- **Description of the task**
Among the entries below, find the line with "Photo of Stunning", then quote it and each following line up to and including the line with "New 2021 Energy", and nothing else.
===== Listed records =====
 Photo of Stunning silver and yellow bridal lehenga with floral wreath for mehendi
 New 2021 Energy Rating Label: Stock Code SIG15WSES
=====
===== Listed records =====
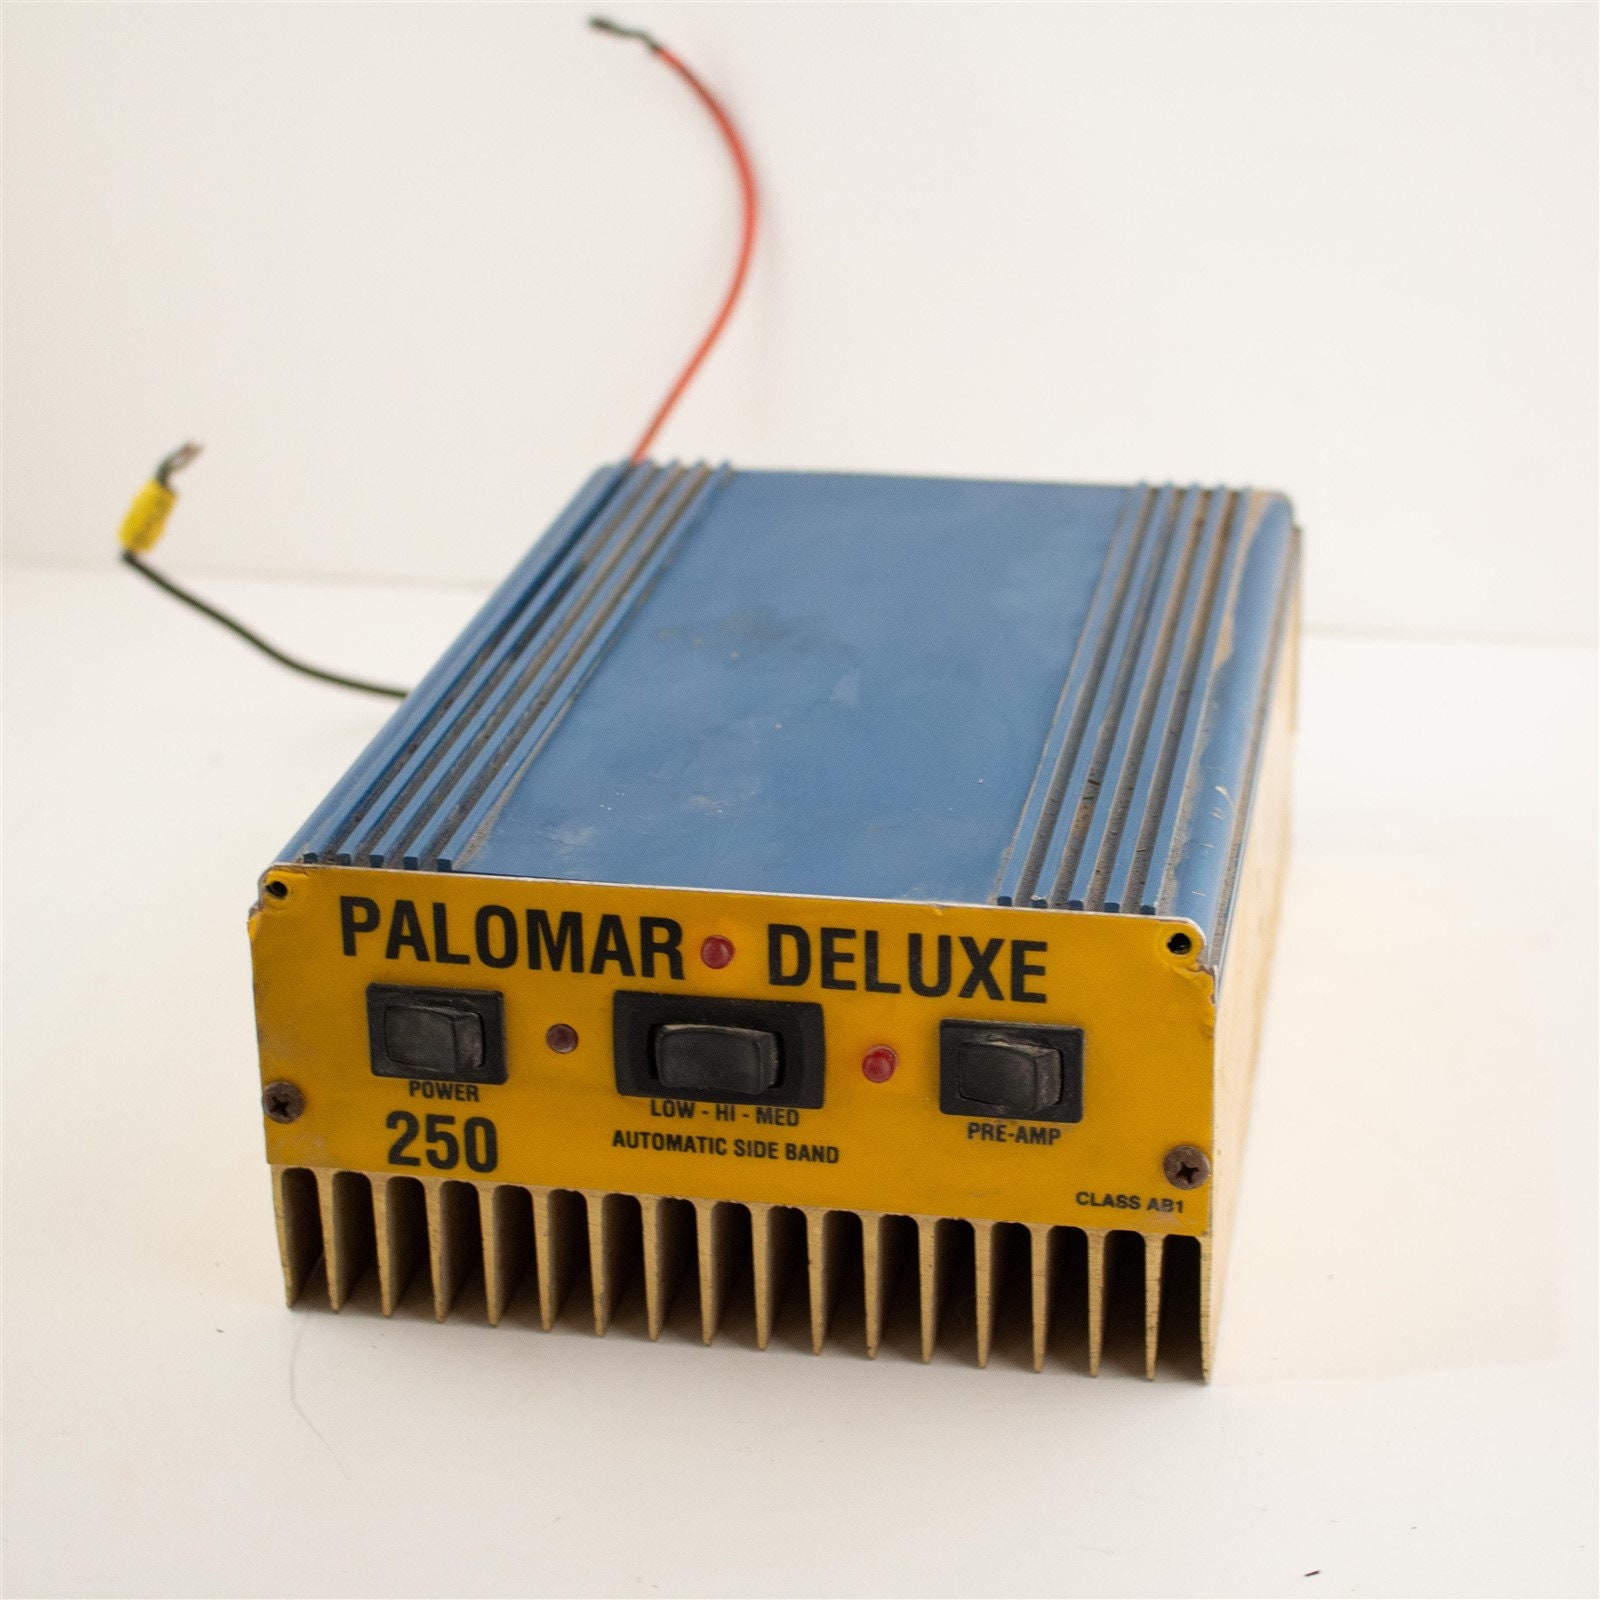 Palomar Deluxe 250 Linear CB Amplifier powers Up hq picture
=====
- **Answer box**
 Photo of Stunning silver and yellow bridal lehenga with floral wreath for mehendi
 New 2021 Energy Rating Label: Stock Code SIG15WSES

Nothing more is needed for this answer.